Character handling functions
This header declares a set of functions to classify and transform individual characters.
All these functions take as parameter the int equivalent of one character and return an int, that can either be another character or a value representing a boolean value: an int value of 0 means false, and an int value different from 0 represents true.
There are two sets of functions:
First a set of classifying functions that check whether the character passed as parameter belongs to a certain category. These are:
isalnum | Check if character is alphanumeric (function) |
isalpha | Check if character is alphabetic (function) |
iscntrl | Check if character is a control character (function) |
isdigit | Check if character is decimal digit (function) |
isgraph | Check if character has graphical representation (function) |
islower | Check if character is lowercase letter (function) |
isprint | Check if character is printable (function) |
ispunct | Check if character is a punctuation character (function) |
isspace | Check if character is a white-space (function) |
isupper | Check if character is uppercase letter (function) |
isxdigit | Check if character is hexadecimal digit (function) |
And secondly, two functions to convert between letter cases:
tolower | Convert uppercase letter to lowercase (function) |
toupper | Convert lowercase letter to uppercase (function) |
For the first set, here is a map of how the original 127-character ASCII set is considered by each function (an x indicates that the function returns true on that character)

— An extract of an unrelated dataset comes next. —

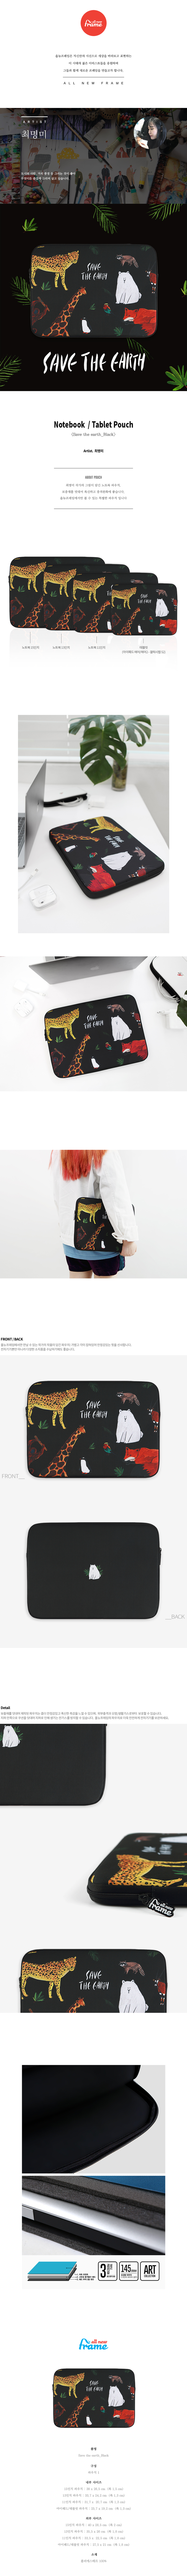 Save the earth_Black (아이패드-11-13-15형) - 올뉴프레임, 23,000원, 노트북 케이스/파우치, 27.94cm~33.78cm

ASCII values | characters | iscntrl | isspace | isupper | islower | isalpha | isdigit | isxdigit | isalnum | ispunct | isgraph | isprint |
0x00 .. 0x08 | NUL, (other control codes) |
x | | | | | | | | | | |
0x09 .. 0x0D | (white-space control codes: '\t','\f','\v','\n','\r') |
x | x | | | | | | | | | |
0x0E .. 0x1F | (other control codes) |
x | | | | | | | | | | |
0x20 | space (' ') |
| x | | | | | | | | | x |
0x21 .. 0x2F | !"#$%&'()*+,-./ |
| | | | | | | | x | x | x |
0x30 .. 0x39 | 01234567890 |
| | | | | x | x | x | | x | x |
0x3a .. 0x40 | :;<=>?@ |
| | | | | | | | x | x | x |
0x41 .. 0x46 | ABCDEF |
| | x | | x | | x | x | | x | x |
0x47 .. 0x5A | GHIJKLMNOPQRSTUVWXYZ |
| | x | | x | | | x | | x | x |
0x5B .. 0x60 | [\]^_` |
| | | | | | | | x | x | x |
0x61 .. 0x66 | abcdef |
| | | x | x | | x | x | | x | x |
0x67 .. 0x7A | ghijklmnopqrstuvwxyz |
| | | x | x | | | x | | x | x |
0x7B .. 0x7E | {|}~ |
| | | | | | | | x | x | x |
0x7F | (DEL) |
x | | | | | | | | | | |
The characters in the extended character set (above 0x7F) may belong to diverse categories depending on the locale and the platform. As a general rule, ispunct, isgraph and isprint return true on these for the standard C locale on most platforms supporting extended character sets.
|